**WORK TO BE COMPLETED**
Drop every image, then reproduce the data exactly as given.

**DATA SEGMENT**
+ + + + +

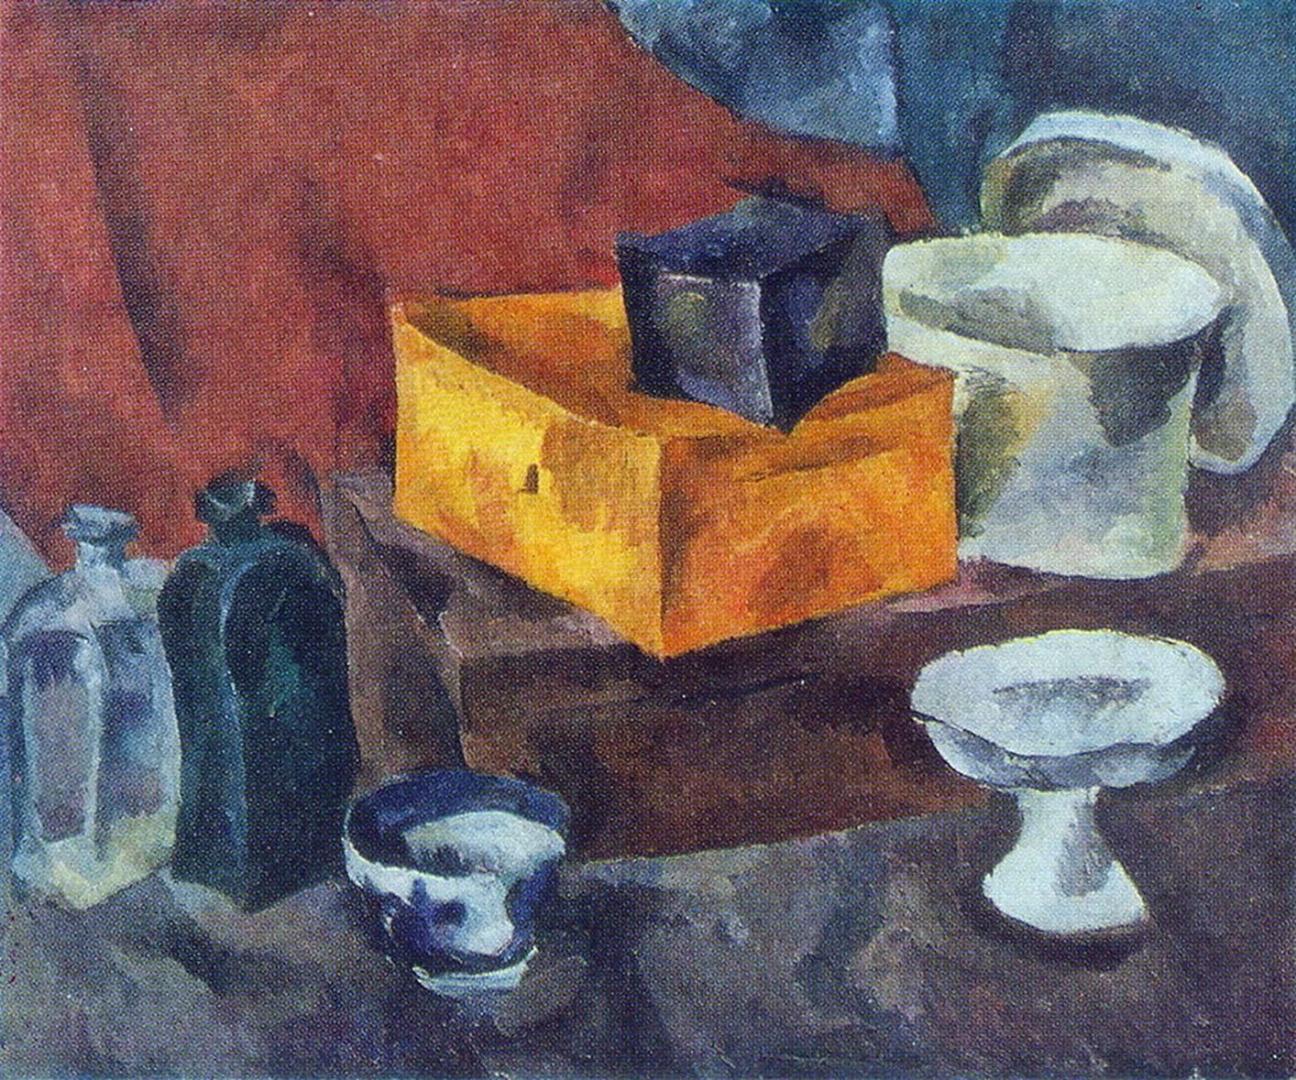 Петр Кончаловский. Натюрморт. 1911
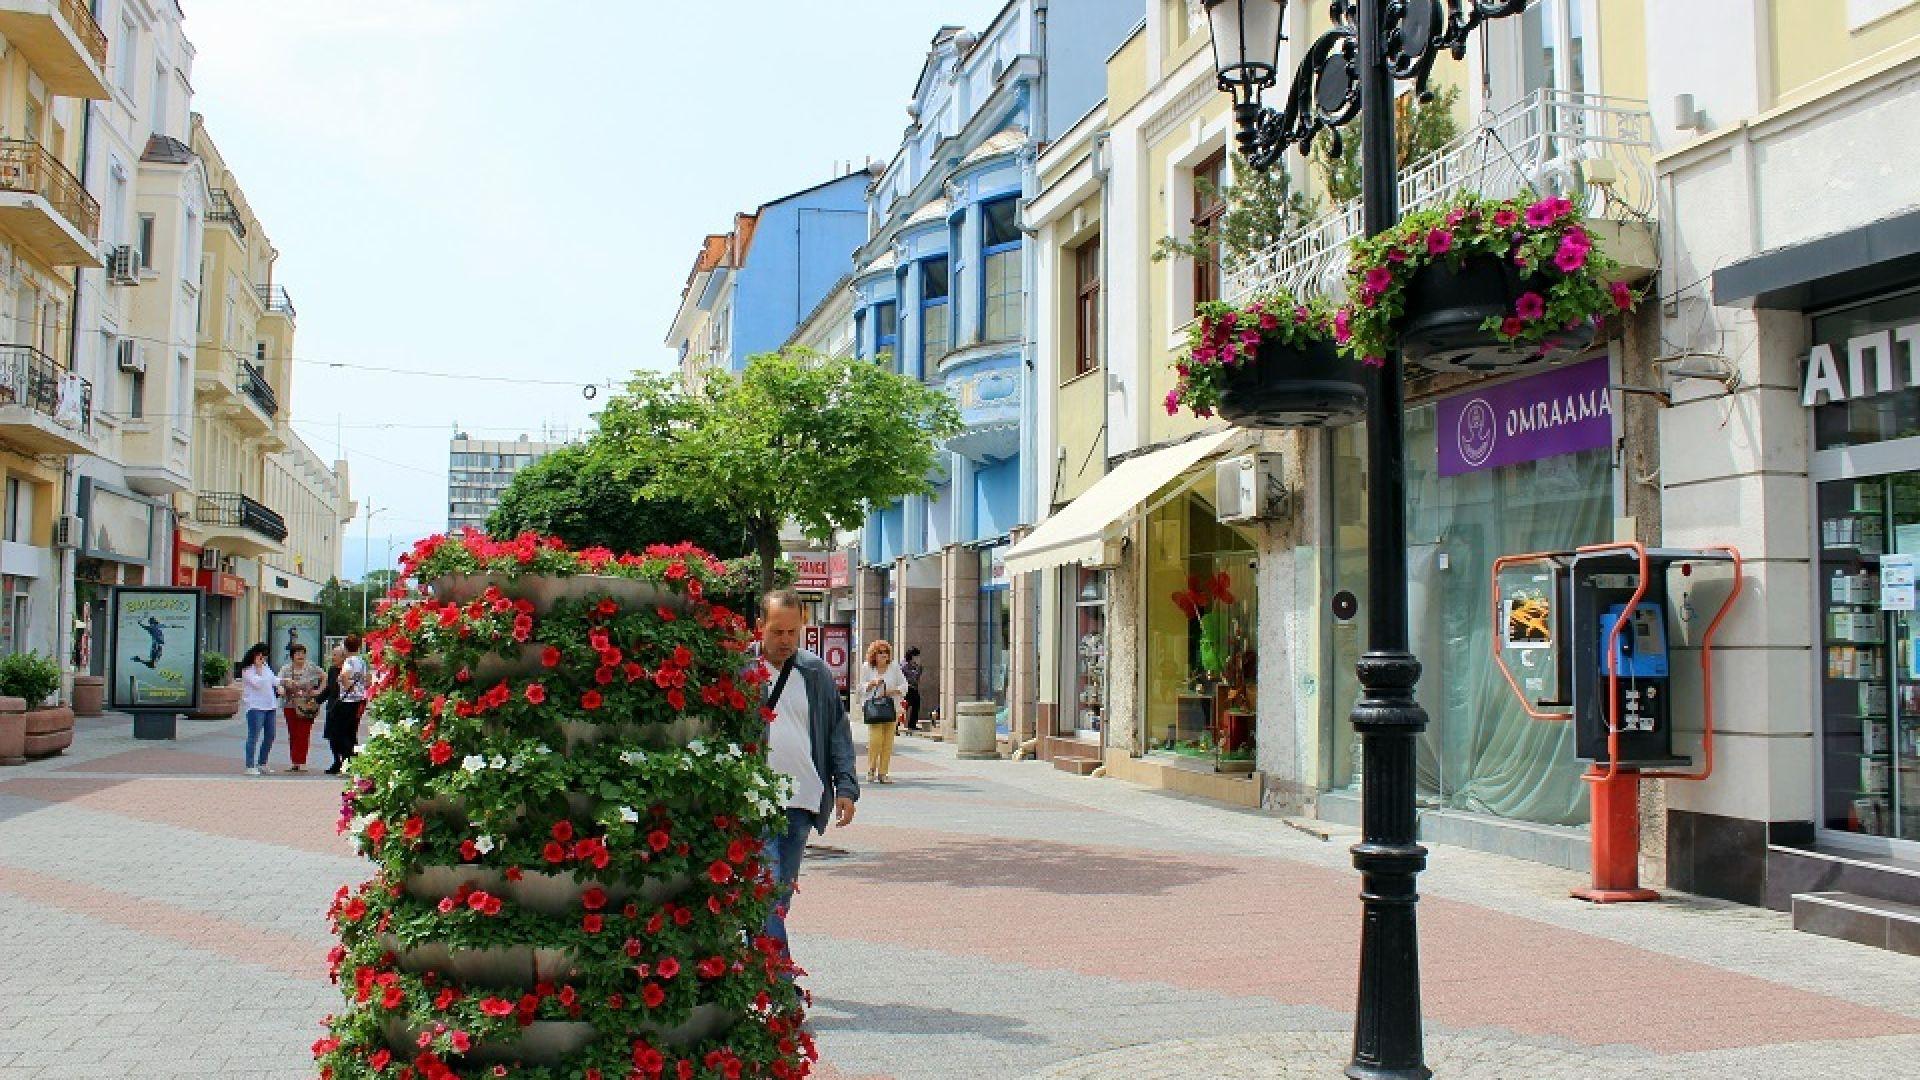 Започва обществено обсъждане на проекта за нов устройствен план на Пловдив
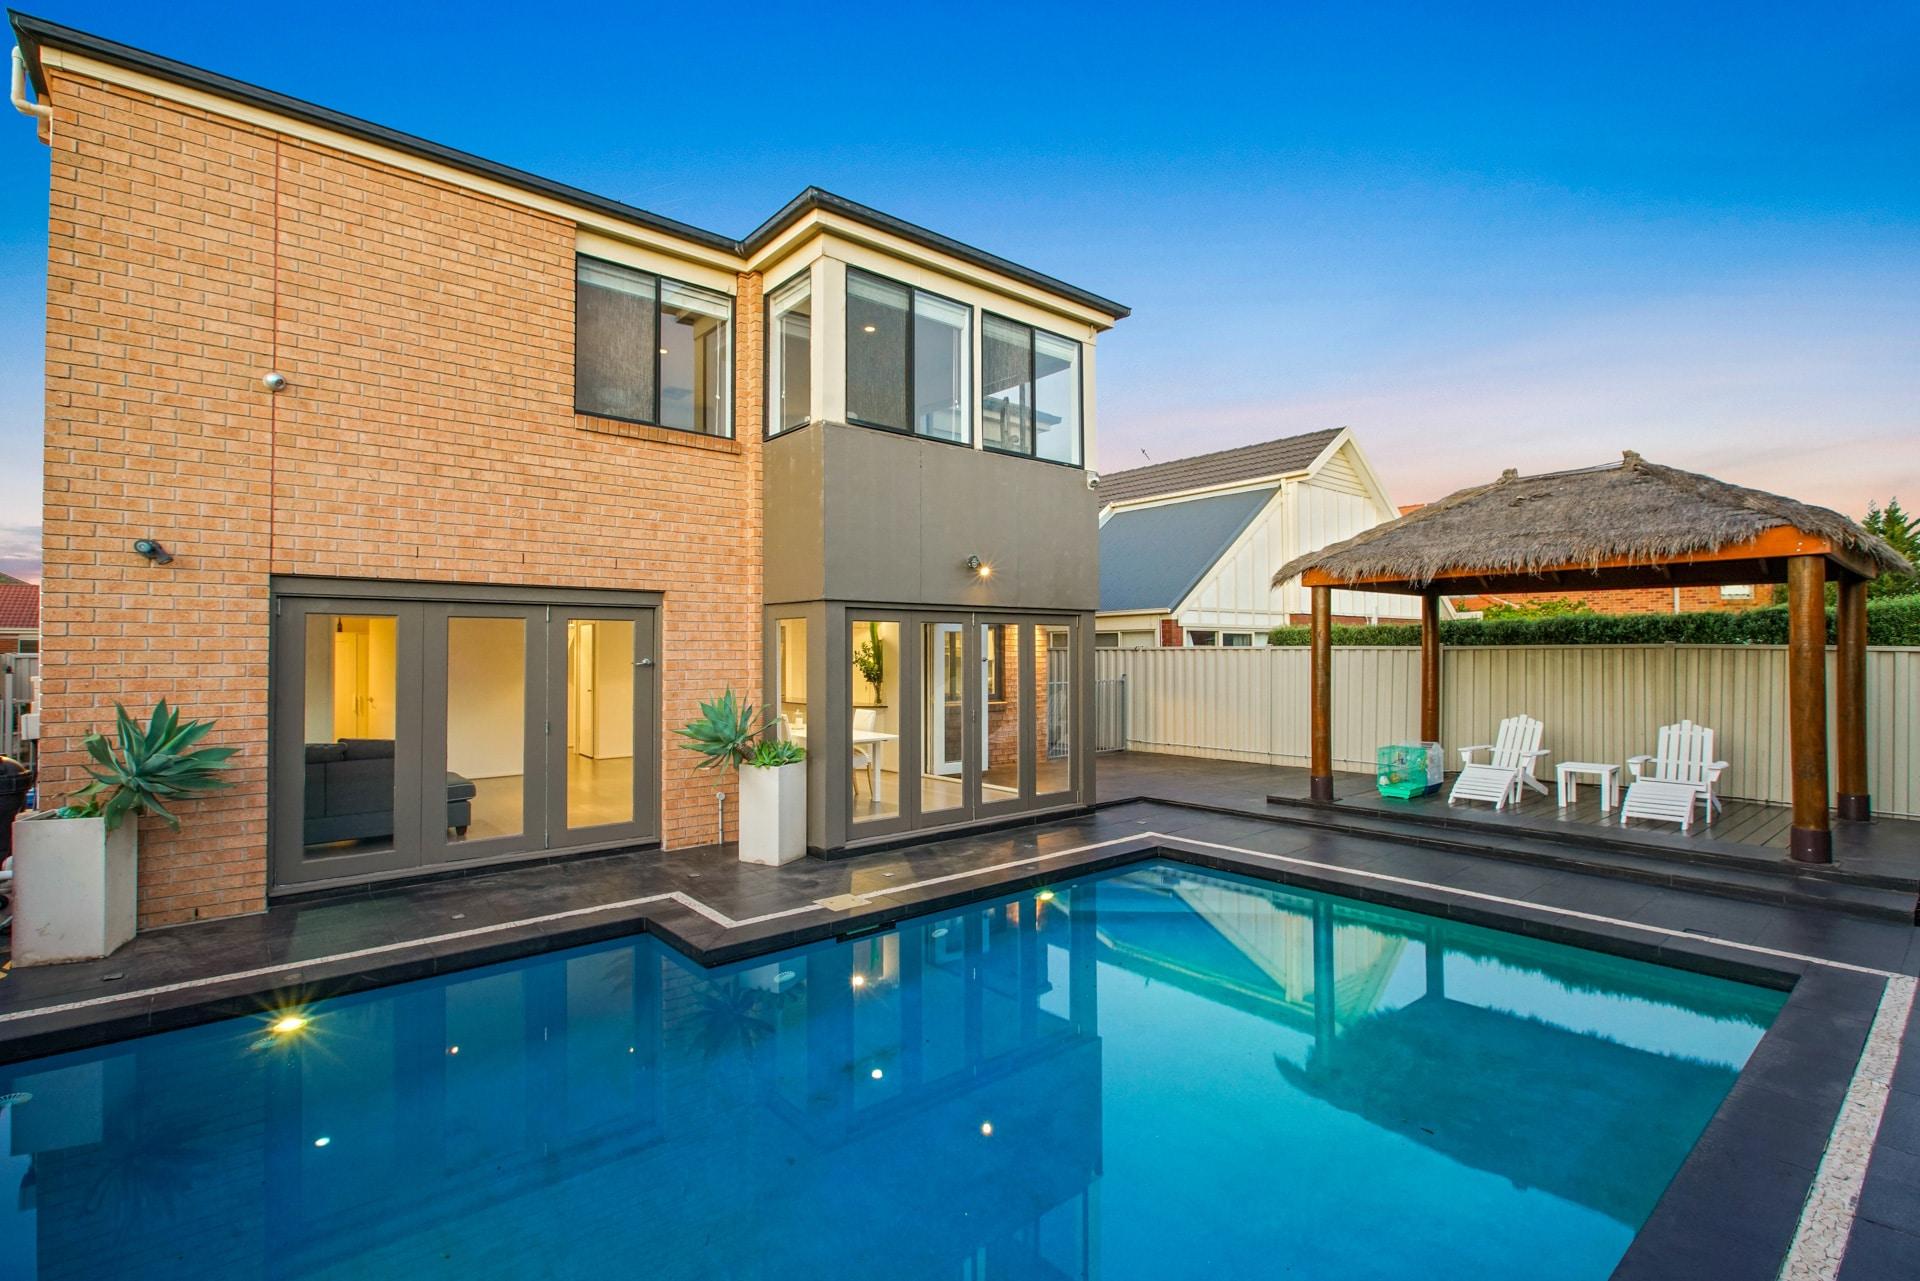 Photo immobilière HDR du jardin avec piscine d'une maison.

+ + + + +

**RESPONSE FOR THIS EXERCISE**
 Петр Кончаловский. Натюрморт. 1911
 Започва обществено обсъждане на проекта за нов устройствен план на Пловдив
 Photo immobilière HDR du jardin avec piscine d'une maison.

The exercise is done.